Even the battery on the Galaxy S7 is bulkier, at 3,000mAh vs 2,770mAh on the Pixel, although the higher-res screen of the Galaxy probably eats up that extra capacity over the course of the day. Both are strong all-day devices, however, with moderate use. And the Galaxy S7 also gives you wireless charging as standard, while the Pixel does not.
Seeing a trend? In some ways, the Pixel feels like a premium-priced phone without the kind of premium perks that Samsung has made standard for top-end flagships. All told, Samsung notches a big win in this broad category of bonus features.
Winner: Samsung Galaxy S7
Verdict: Still Samsung
Consider us unconvinced by the Google Pixel's value proposition, especially when matched up against the Galaxy S7. Both are £500-£600 devices, but the money-for-hardware equation seems a little off-balance for the standard Pixel model.
You get a lot more with the Samsung Galaxy S7, whether it's screen resolution, premium design and build, wireless charging, microSD support, or waterproofing. Some elements are pretty even between the two devices, including overall camera quality and processing muscle, but those added perks really put the Galaxy S7 over the top in this particular showdown.
The Galaxy S7 is so great because it has all of those extra benefits, which help justify the price point for anyone willing to spend that much on a smartphone.

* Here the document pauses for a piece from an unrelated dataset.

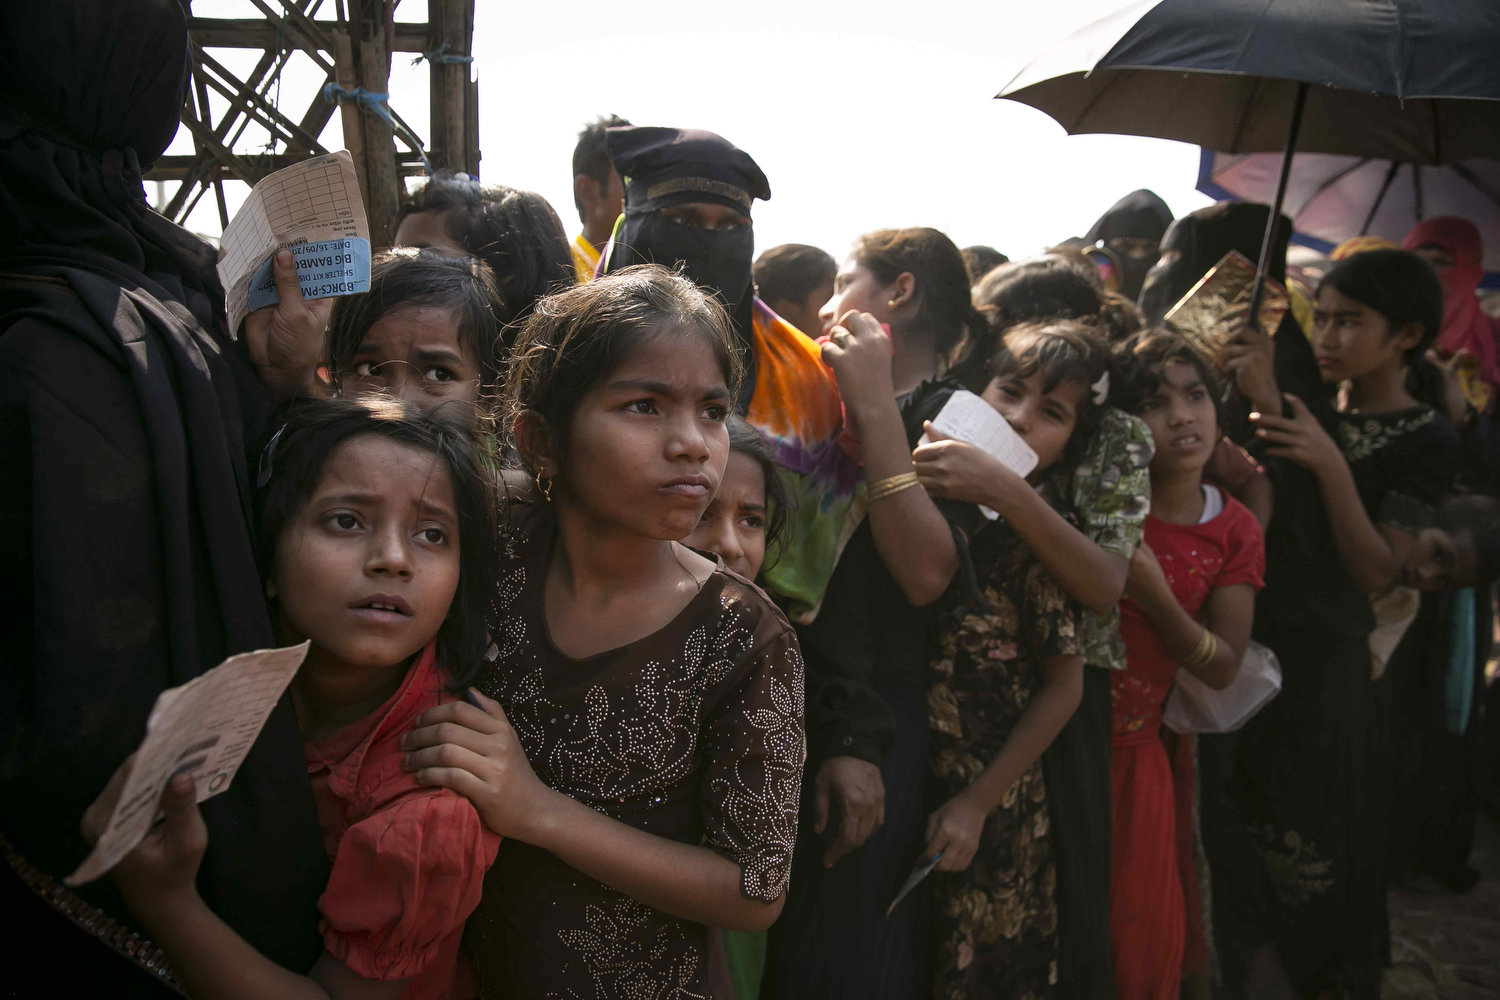 Rohingya refugees queue for a blanket distribution in a refugee camp in Cox's Bazar, Bangladesh. The UN's International Court of Justice in The Hague began on Tuesday hearing a case filed by The Gambia against Myanmar over the Rohingya genocide case.

A more apt comparison to the Pixel when it comes to features is the OnePlus 3, but given that phone's £329 price point compared to the £599 for the Pixel, it hardly seems like a fair fight.
Google's first in-house phone is interesting in many ways, but £600 worth of interesting? Not when you consider the competition. In this case, that kind of money is better spent with Samsung and the sterling Galaxy S7.